The establishment of the monument is subject to valid existing rights, including the November 29, 2007, "Access Agreement" between EPI and the State of Maine, Department of Conservation that provides for certain public snowmobile use on specified parcels, and certain reservations of rights for Elliotsville Plantation, Inc., in specified parcels. If the Federal Government acquires any lands or interests in lands not owned or controlled by the Federal Government within the boundaries described on the accompanying map, such lands and interests in lands shall be reserved as a part of the monument, and objects identified above that are situated upon those lands and interests in lands shall be part of the monument, upon acquisition of ownership or control by the Federal Government.
The Secretary of the Interior (Secretary) shall manage these lands through the National Park Service, pursuant to applicable authorities and consistent with the valid existing rights and the purposes and provisions of this proclamation. As provided in the deeds, the Secretary shall allow hunting by the public on the parcels east of the East Branch of the Penobscot River in accordance with applicable law. The Secretary may restrict hunting in designated zones and during designated periods for reasons of public safety, administration, or resource protection. This proclamation will not otherwise affect the authority of the State of Maine with respect to hunting.
The Secretary shall prepare a management plan to implement the purposes of this proclamation, with full public involvement, within 3 years of the date of this proclamation.
The Secretary shall use available authorities, as appropriate, to enter into agreements with others to address common interests and promote management needs and efficiencies.

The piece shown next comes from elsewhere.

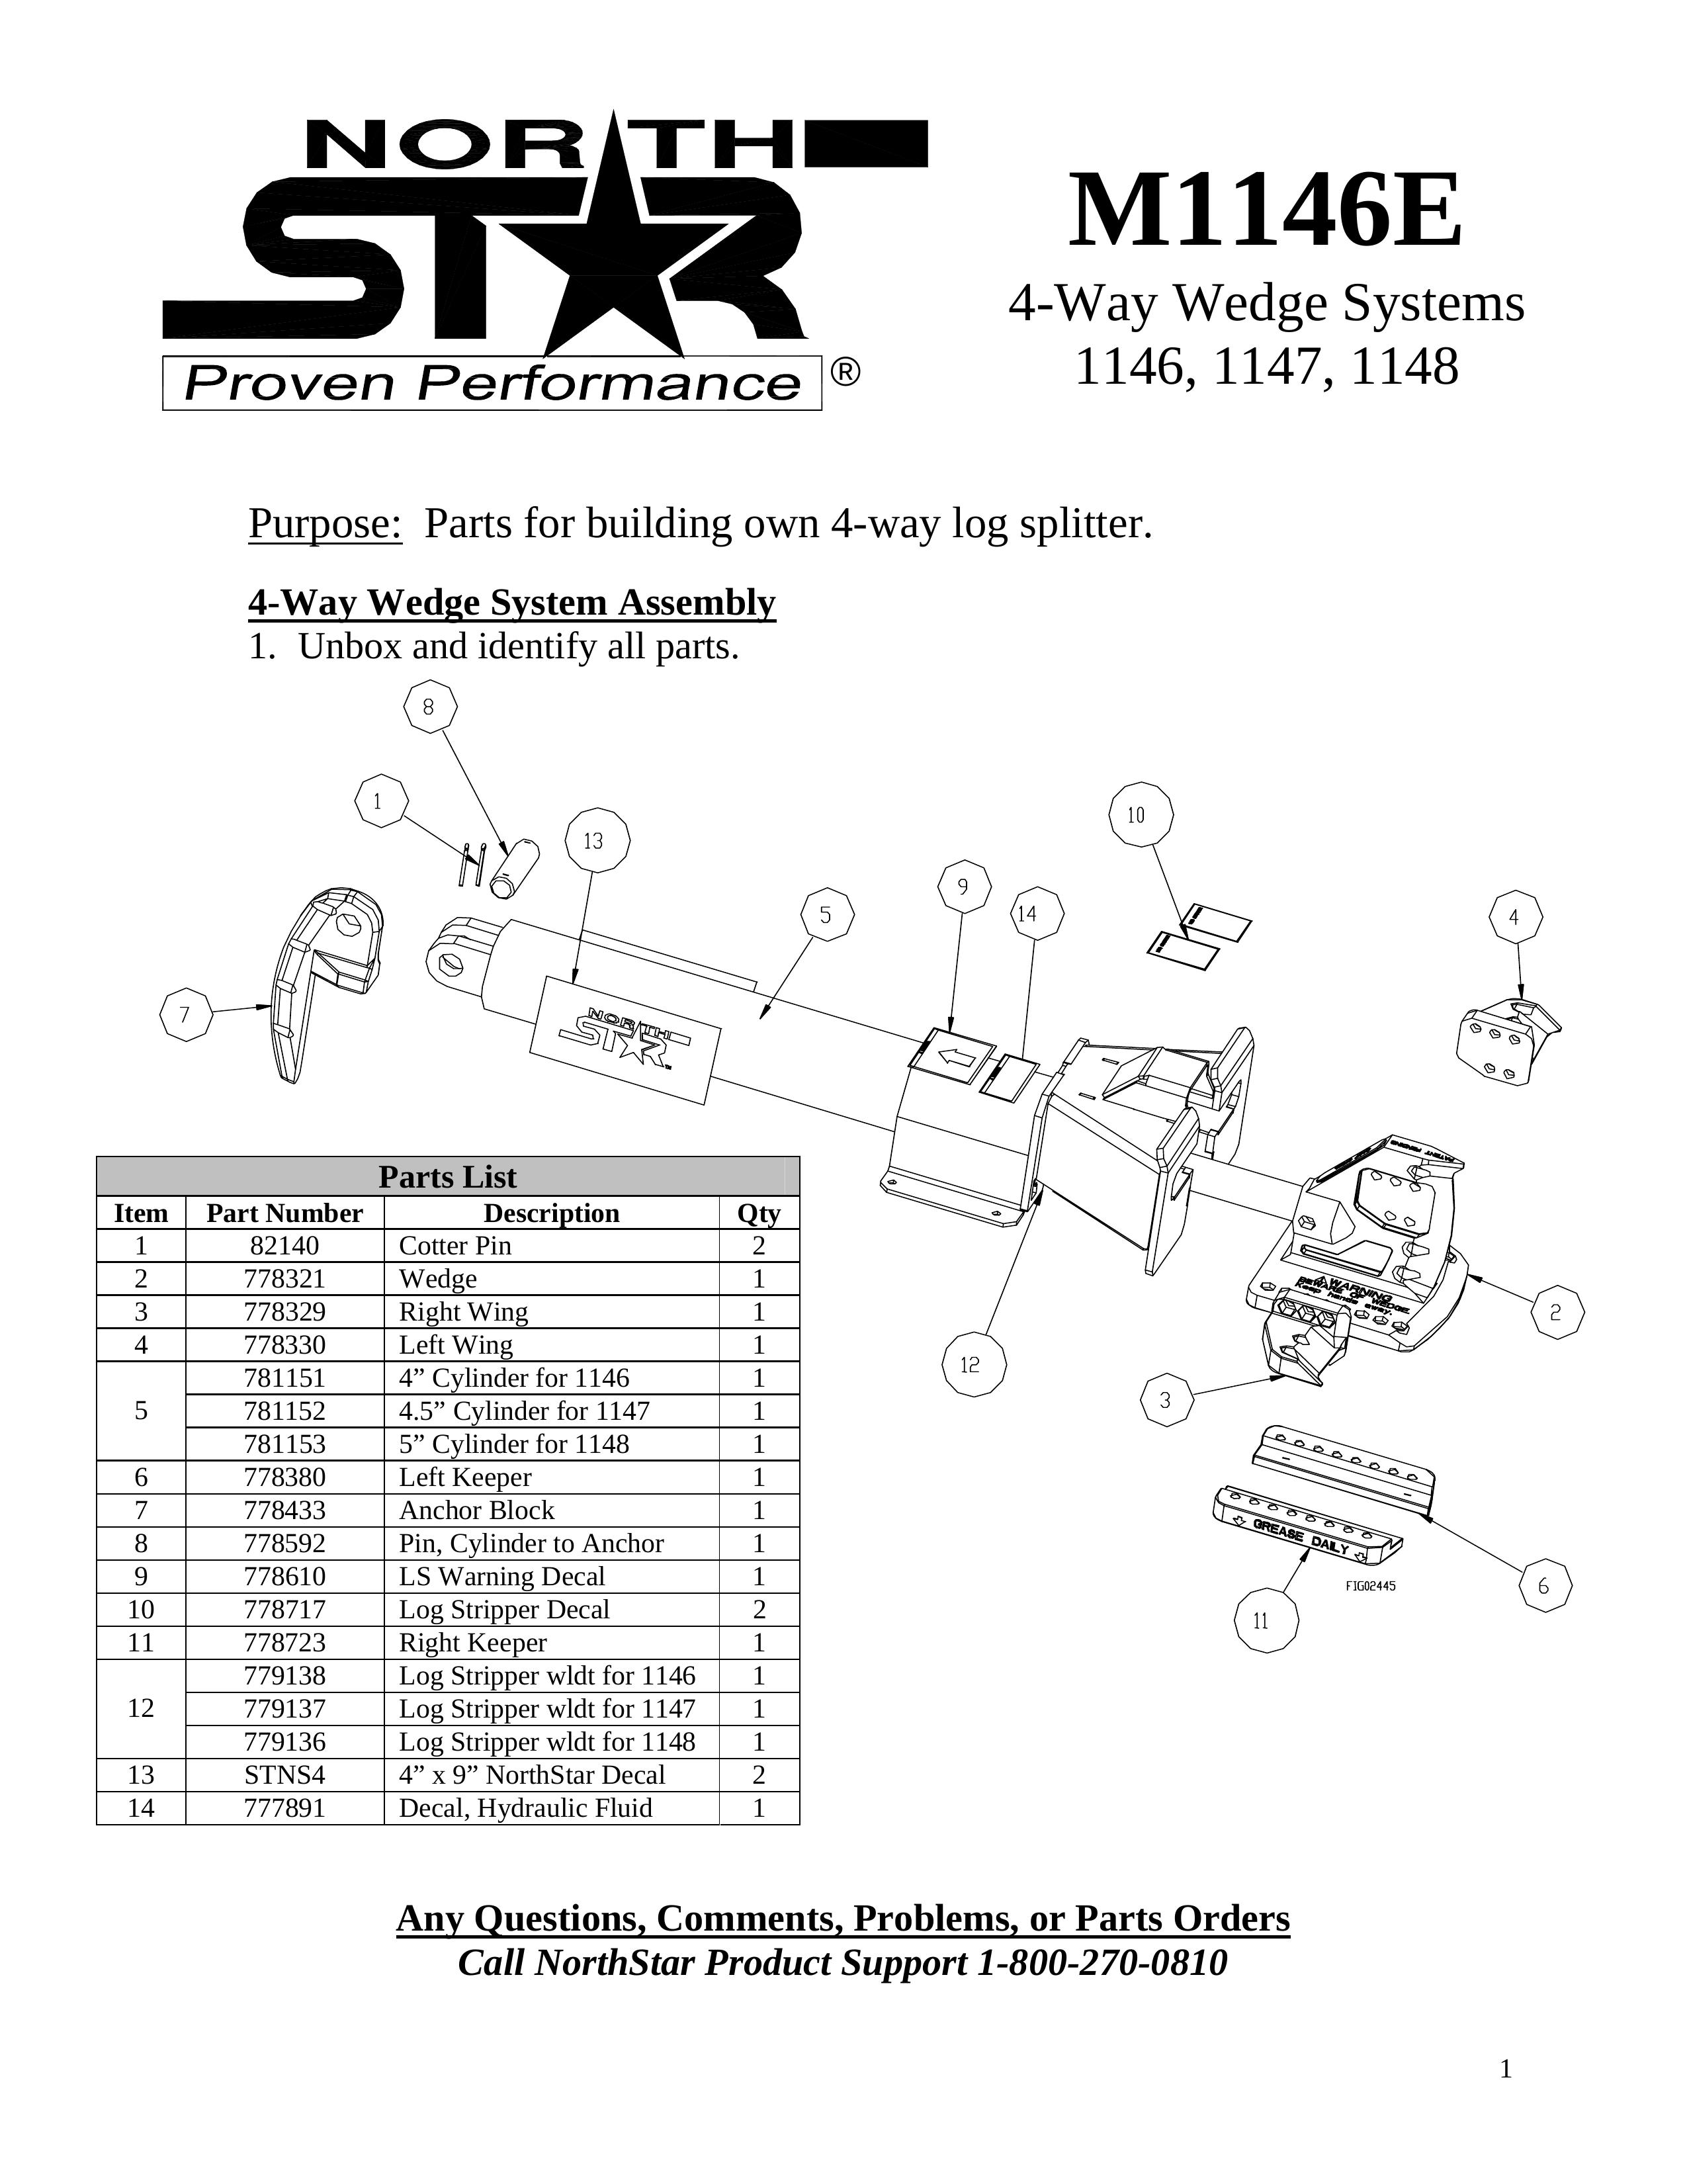 North Star M1146E Log Splitter User Manual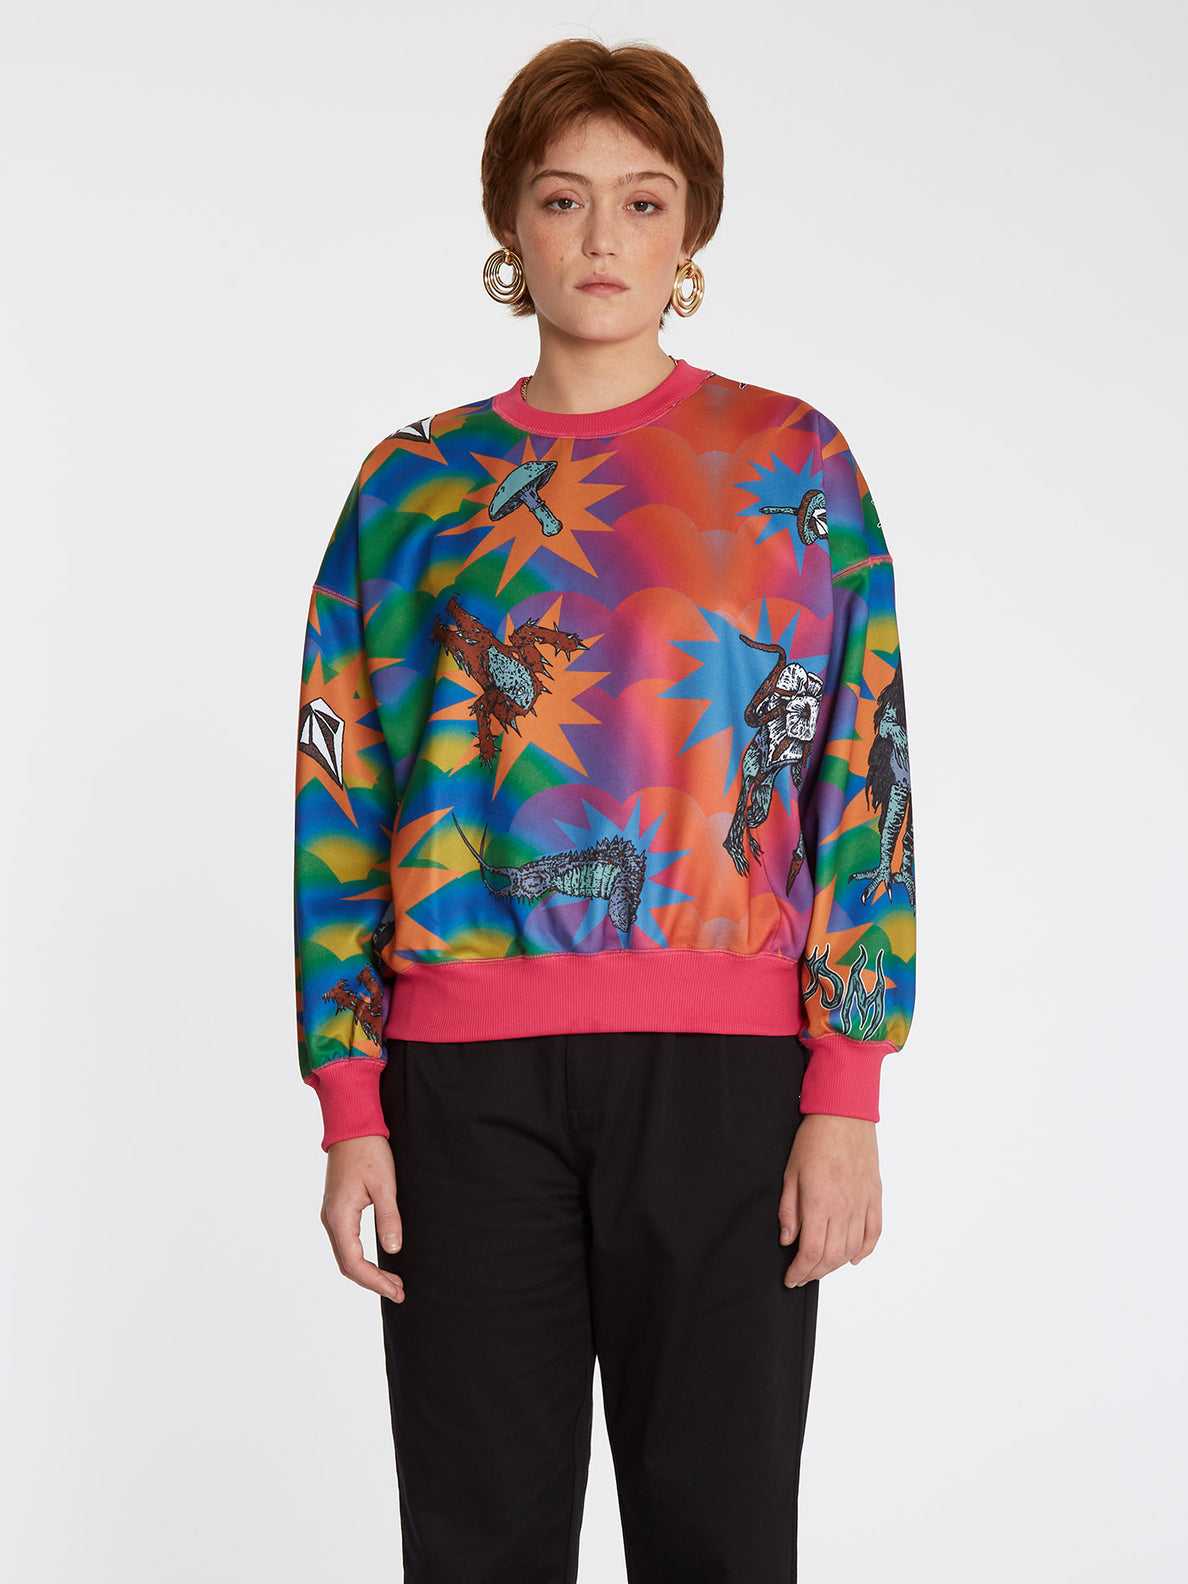 Chrissie Abbott X French Sweatshirt - MULTI – Volcom Europe

Nothing in this proclamation shall be deemed to enlarge or diminish the rights of any Indian tribe. The Secretary shall, to the maximum extent permitted by law and in consultation with Indian tribes, ensure the protection of Indian sacred sites and cultural sites in the monument and provide access to the sites by members of Indian tribes for traditional cultural and customary uses, consistent with the American Indian Religious Freedom Act (42 U.S.C. 1996) and Executive Order 13007 of May 24, 1996 (Indian Sacred Sites).
Nothing in this proclamation shall be deemed to revoke any existing withdrawal, reservation, or appropriation; however, the monument shall be the dominant reservation.
Nothing in this proclamation shall preclude the use of existing low level Military Training Routes, consistent with applicable Federal Aviation Administration regulations and guidance for overflights of military aircraft, consistent with the care and management of the objects to be protected.
Warning is hereby given to all unauthorized persons not to appropriate, injure, destroy, or remove any feature of this monument and not to locate or settle upon any of the lands thereof.
Warning is hereby given to all unauthorized persons not to appropriate, injure, destroy, or remove any feature of this monument and not to locate or settle upon any of the lands thereof.
IN WITNESS WHEREOF, I have hereunto set my hand this twenty-fourth day of August, in the year of our Lord two thousand sixteen, and of the Independence of the United States of America the two hundred and forty-first.